Health Sentinel brings this concept into the ServiceNow universe. Each "sensor" in this application is a specialized scheduled job, implemented as a custom child table of sysauto_script. Thanks to the fact that this base table is exempted from being counted as a custom table (see Custom Table Guide), we gain a lot of flexibility - without affecting your license usage.

 

Each sensor runs at a configurable frequency and queries a specific table with a dedicated condition. You can even include related list conditions, significantly broadening the search scope and enabling more nuanced detection scenarios. For example:

• Identifying recurring error messages in the syslog table

• Spotting user transactions that fail due to quota restrictions

• Detecting prolonged (sub)flow executions that exceed expected runtimes

• Monitoring open incidents without updates for a defined period

 

Detection alone isn’t enough - action is what keeps systems healthy.
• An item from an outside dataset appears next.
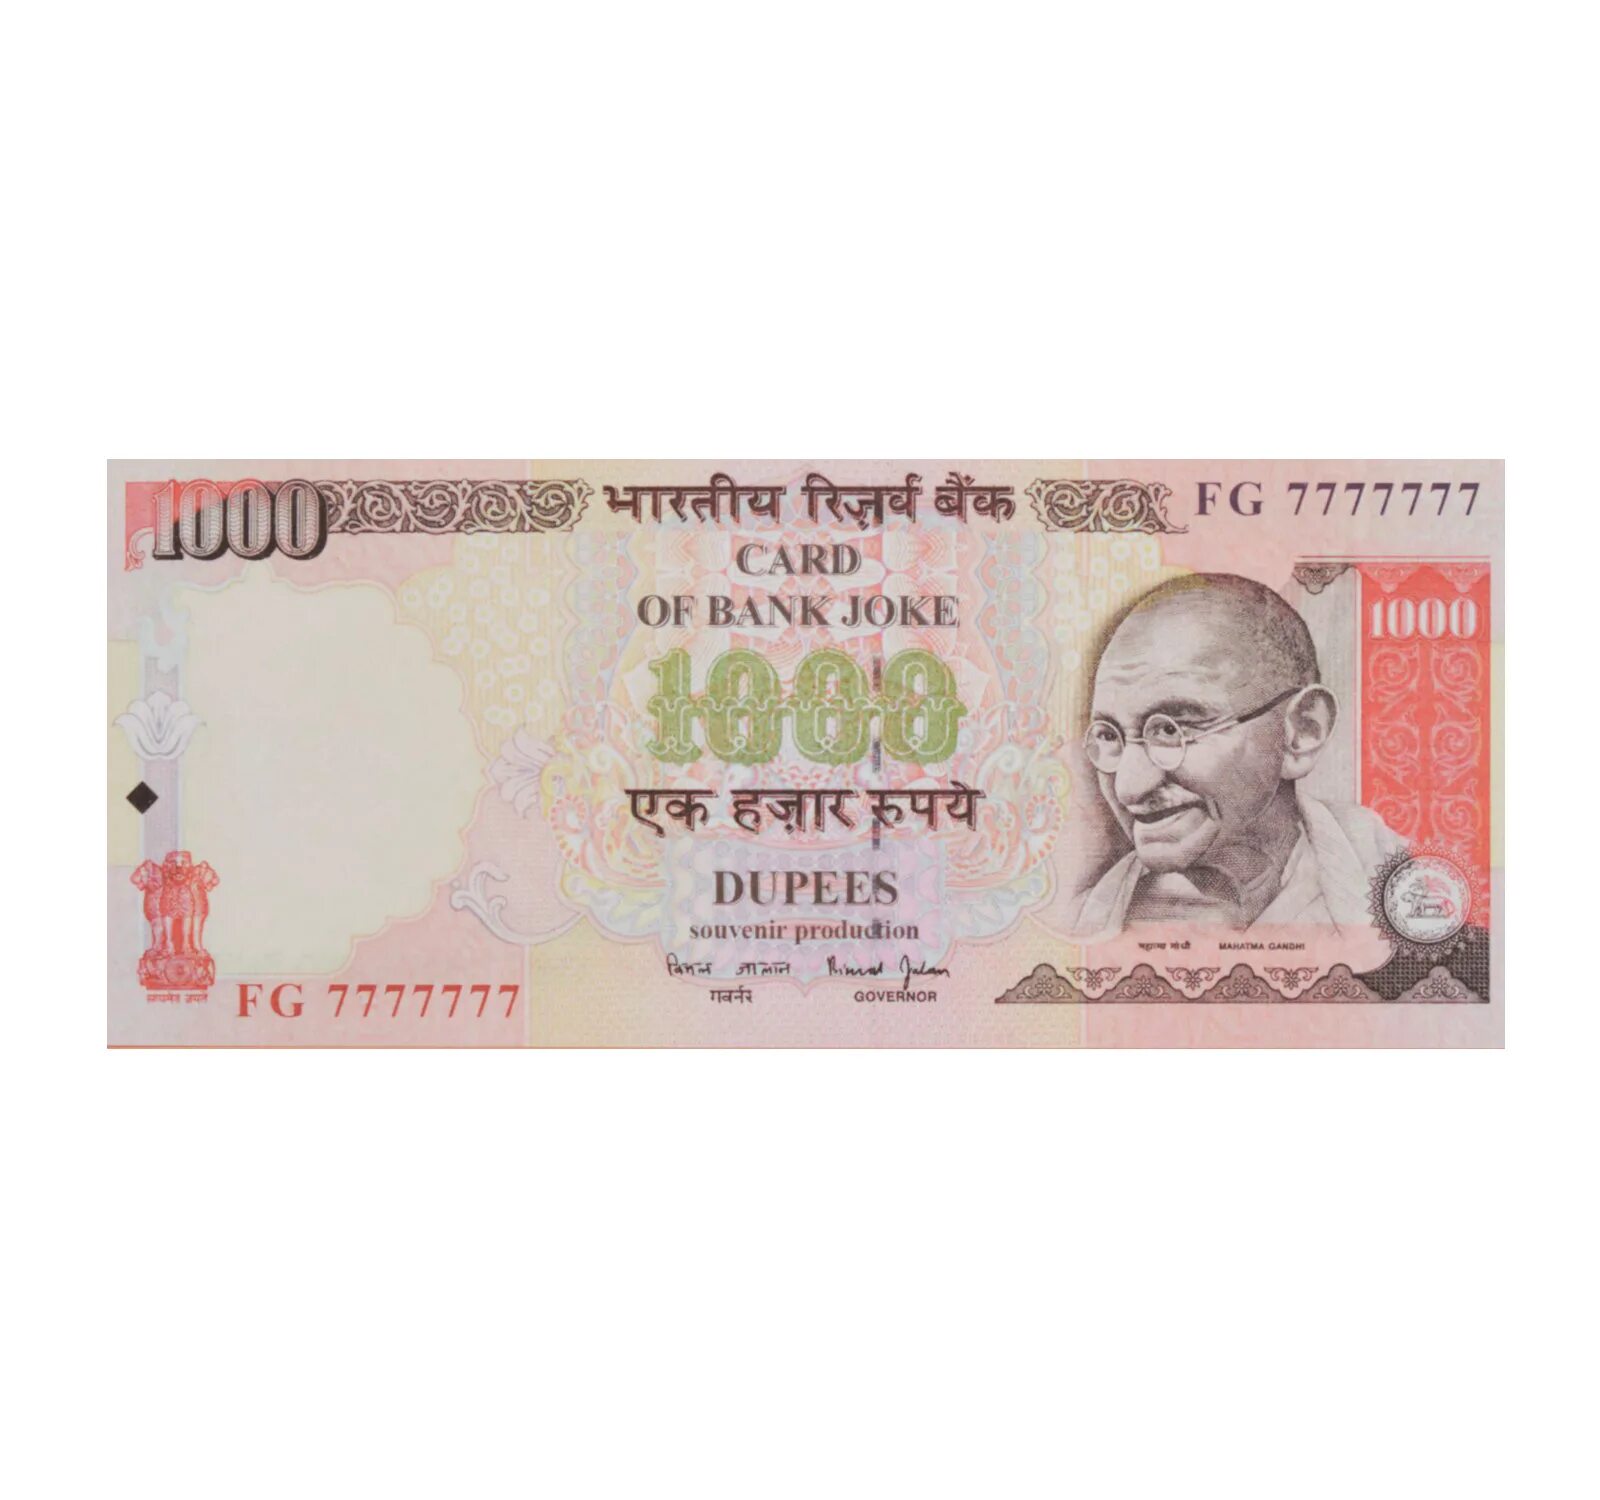 INR 1000. 600 Рупий в рублях. 900 Рупий в рублях. 1000000 Рупий в рублях.

For this reason, when the number of matching records exceeds your set threshold, the sensor triggers a so-called signal. This is implemented as a custom ServiceNow event (sysevent) and includes a rich JSON payload with all the information needed to initiate a follow-up action.

 

Each consumer can now decide how to process the signal and translate it into an appropriate mitigation process, such as

• sending an email alert,
• pushing notifications to a chat system,
• executing any script or integration or
• triggering a subflow.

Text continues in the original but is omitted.